Assembly Member for Nalchar

Personal details
- Born: 1 January 1952 Kemtali
- Died: 10 March 2012 (aged 60) Agartala
- Party: Communist Party of India (Marxist)
- Other political affiliations: General secretary of the Tripura Scheduled Caste Coordination Committee

= Sukumar Barman =

Indian politician

Sukumar Barman (1 January 1952, in Kemtali – 10 March 2012, in Agartala) was an Indian politician. He was a prominent leader of the Scheduled Castes in Tripura.

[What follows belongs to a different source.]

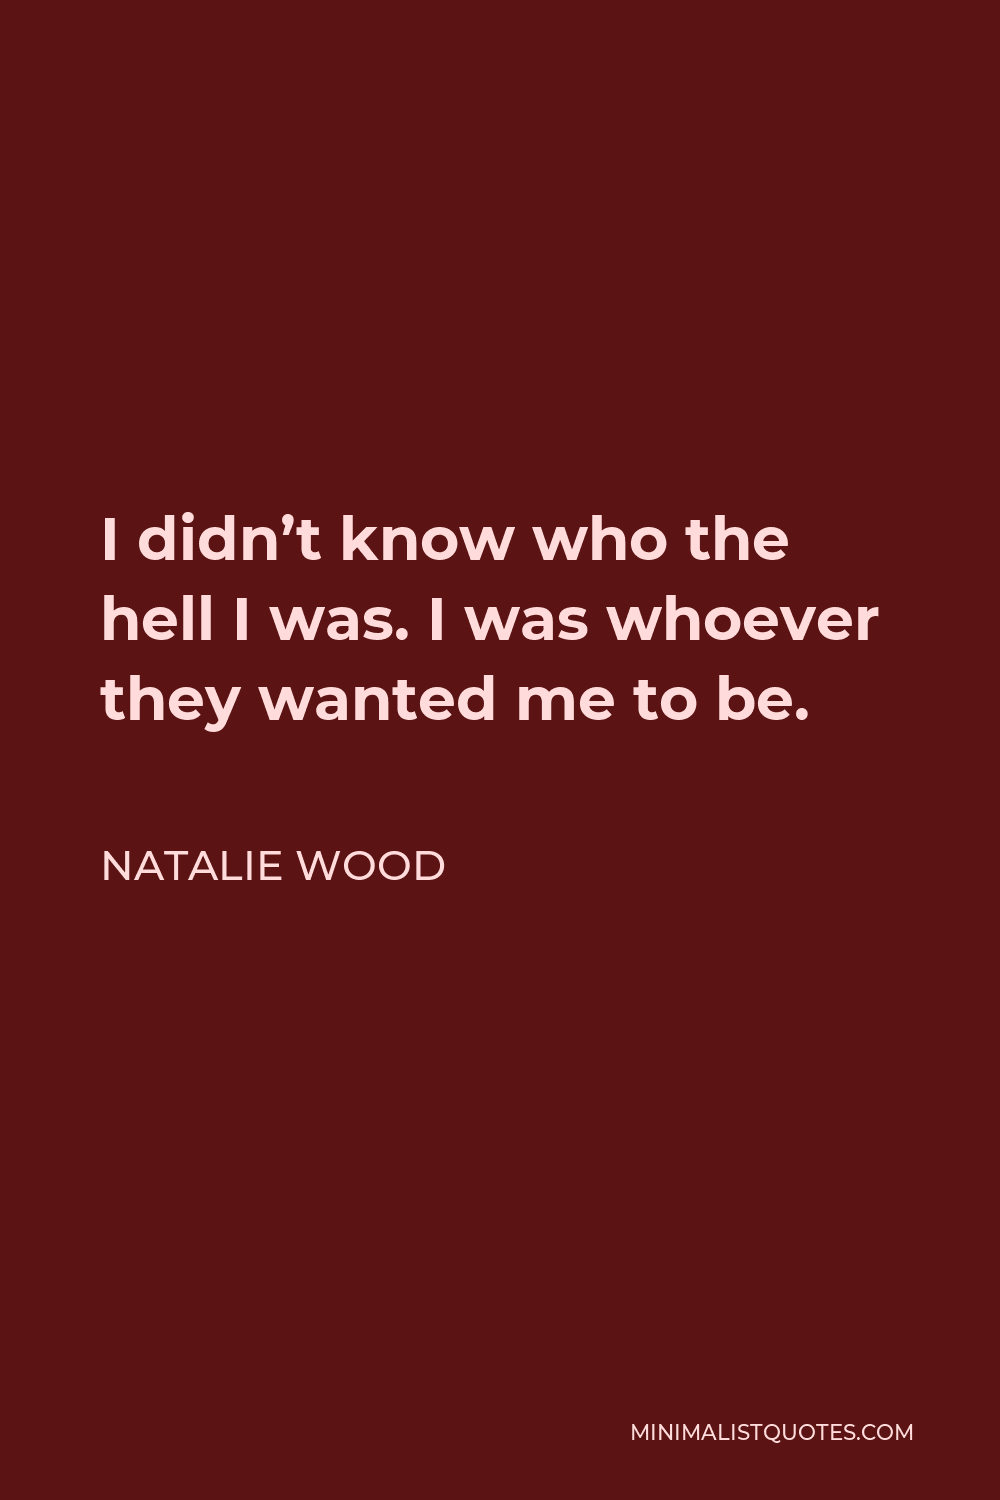 Natalie Wood Quote - I didn’t know who the hell I was. I was whoever they wanted me to be.

Barman hailed from an impoverished fishing family in Sonamura district. His family sent him to live with an uncle in order to attend school, and he first came into contact with activist politics through the student movement. He completed his higher secondary examination in 1971. He went on to join the peasants' movement.

Barman became a member of the Communist Party of India (Marxist) in 1976. Between 1978 and 1983, he served as elected village pradhan of Kemtali. He then became a member of the Tripura State Committee of the party. He also became the general secretary of the Tripura Scheduled Caste Coordination Committee.

From 1988 onwards he was a member of the Tripura Legislative Assembly, representing the Nalchar constituency. During the Indian National Congress/Tripura Upajati Juba Samiti government of 1988–1993, Barman was the target of several assassination attempts.

When the Left Front returned to government in Tripura in 1993, Barman was named Minister of State. Between 1998 and 2004 he served as the Tripura Minister of Transport and Fisheries. He lost his cabinet position after the downsizing of the government that resulted from The Constitution (91st Amendment) Act 2003.

Barman served as the chairman of the state owned land development bank and Tripura Road Transport Corporation. He was also a well known swimmer.

Barman died in March 2012 at G.B. Pant hospital in Agartala, where he had been admitted following a brain haemorrhage. The state government declared a two-day mourning period, during which the national flag was flown at half mast. His body was cremated in Kemtali.